Такая как есть (Запах женщины), стр. 86

– Не забегаешь ли ты слишком далеко вперед?

– Тебе многому придется учиться заново.

– Если получится.

– И Нью-Йорк – самое подходящее место для этого. Там я впервые потеряла невинность – в отеле «Плаза». – Памела ностальгически вздохнула. – Это был настоящий покоритель дамских сердец. Думаю, в тот раз он расслабился и позволил себе удовольствие ради удовольствия, забыв о необходимости играть роль. – И задумчиво добавила: – Он соблазнил меня именно так, как мне хотелось быть соблазненной: легко, незаметно, без всякого усилия. После этого мы виделись только один раз. Причем когда мы снова встретились, он был внимателен, но не более. И все же ту ночь я вспоминала как нечто чудесное и неповторимое. – Памела снова вздохнула. – Мне казалось, что я умру от наслаждения.

Алекс молчала, и Памела внимательно посмотрела на нее:

– Ты хоть немного представляешь, о чем я говорю?
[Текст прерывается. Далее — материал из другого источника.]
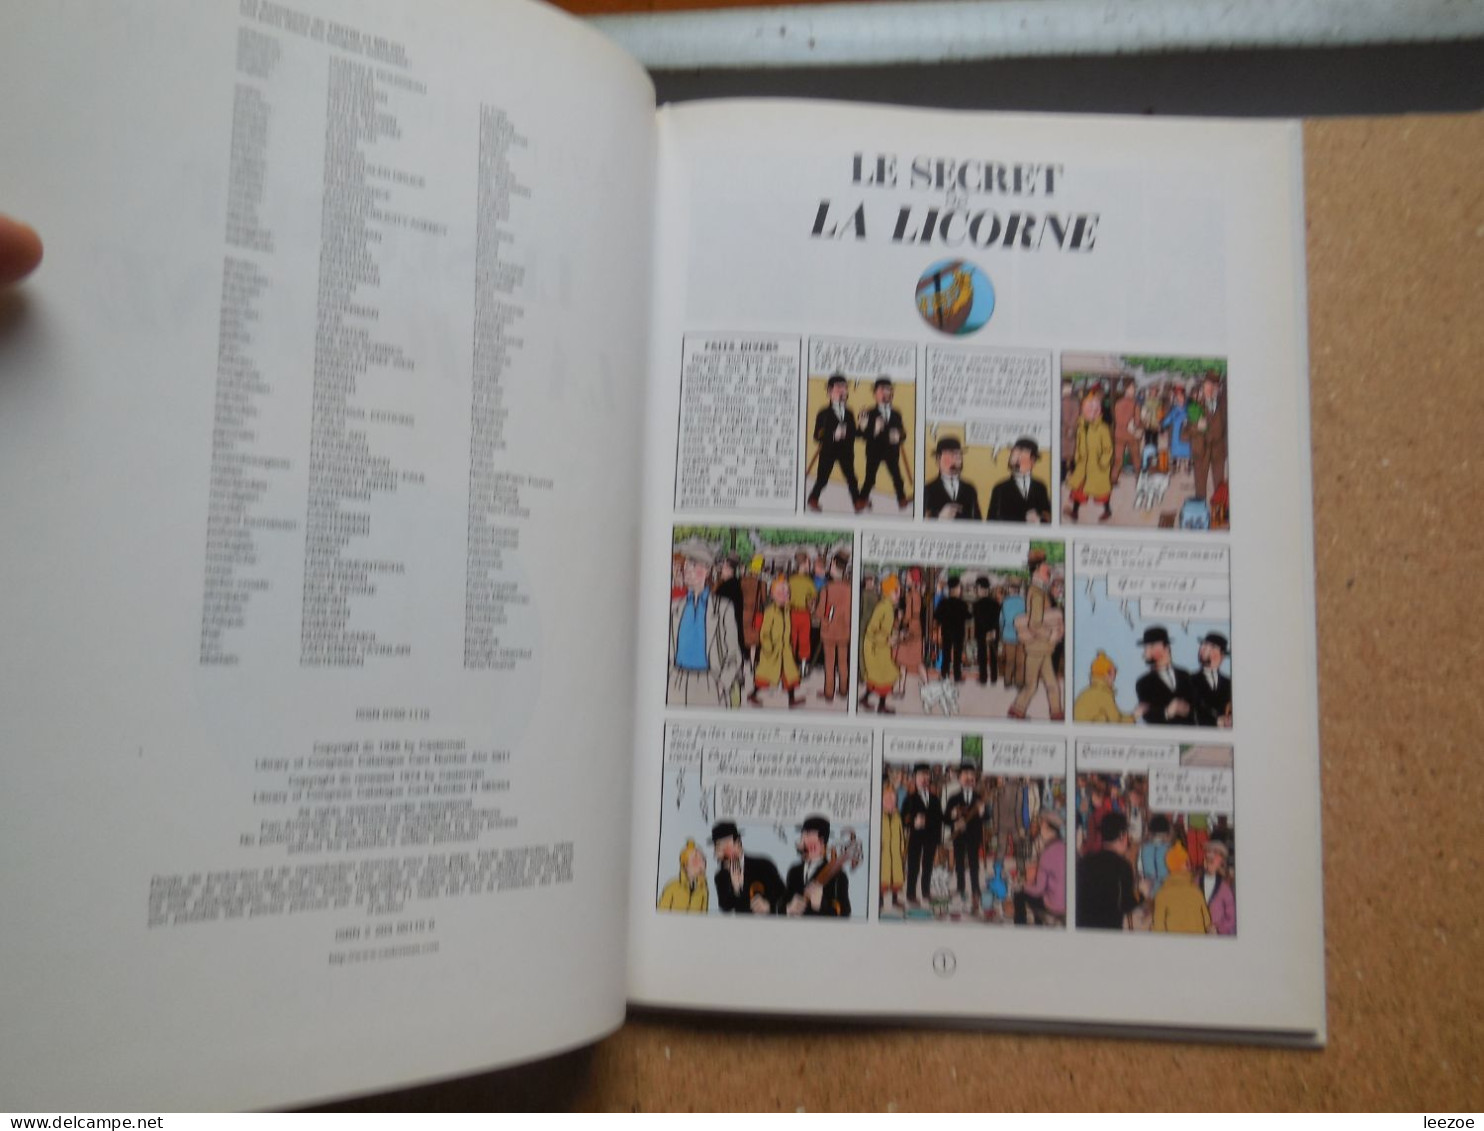 BD Tintin 11D? LE SECRET DE LA LICORNE, Dépôt Légal : 4è Trimestre 1954; D. 1979/0053/12.......N5 - Tintin

Алекс покачала головой. В ее ушах вдруг зазвучал голос Макса: «Ты хоть раз ходила на свидание? Держала кого-нибудь за руки? Обнималась на заднем сиденье в машине?» «Нет, – подумала она с грустью… – Да меня никто никогда и не приглашал».

В эту минуту в комнату вернулся Жак с бутылкой «Крю» и блюдом с сандвичами.

– Жак, вы ангел! – воскликнула Памела. – Это то, что нужно. Ох, как аппетитно пахнет!

Жак откупорил бутылку, налил шампанского в бокалы и спросил:

– Еще что-нибудь?.. Если что-то понадобится, позвоните.

Обе с аппетитом налегли на сандвичи, и на некоторое время в комнате воцарилась тишина. Первой его нарушила Алекс:

– Ты и в самом деле считаешь, что я смогу изменить свой облик?

– Конечно! Ты вполне соответствуешь нынешним представлениям о красоте. Ты станешь неузнаваема! Хочешь знать, как я добьюсь этого?

– Нет. Единственное, чего мне не хочется менять, – это лицо. Пусть оно останется таким, как есть. Взгляни на мать. Трудно найти женщину, которая выглядит лучше, чем она. Она сразу производит неотразимое впечатление. А теперь посмотри на ее жизнь – как она живет, что происходит с ней. Ее лицо – фальшивка. Если подделка ценных бумаг карается законом, то почему подделка лица остается безнаказанной? Я не хочу идти этим путем. Пусть я буду такой, какая я есть.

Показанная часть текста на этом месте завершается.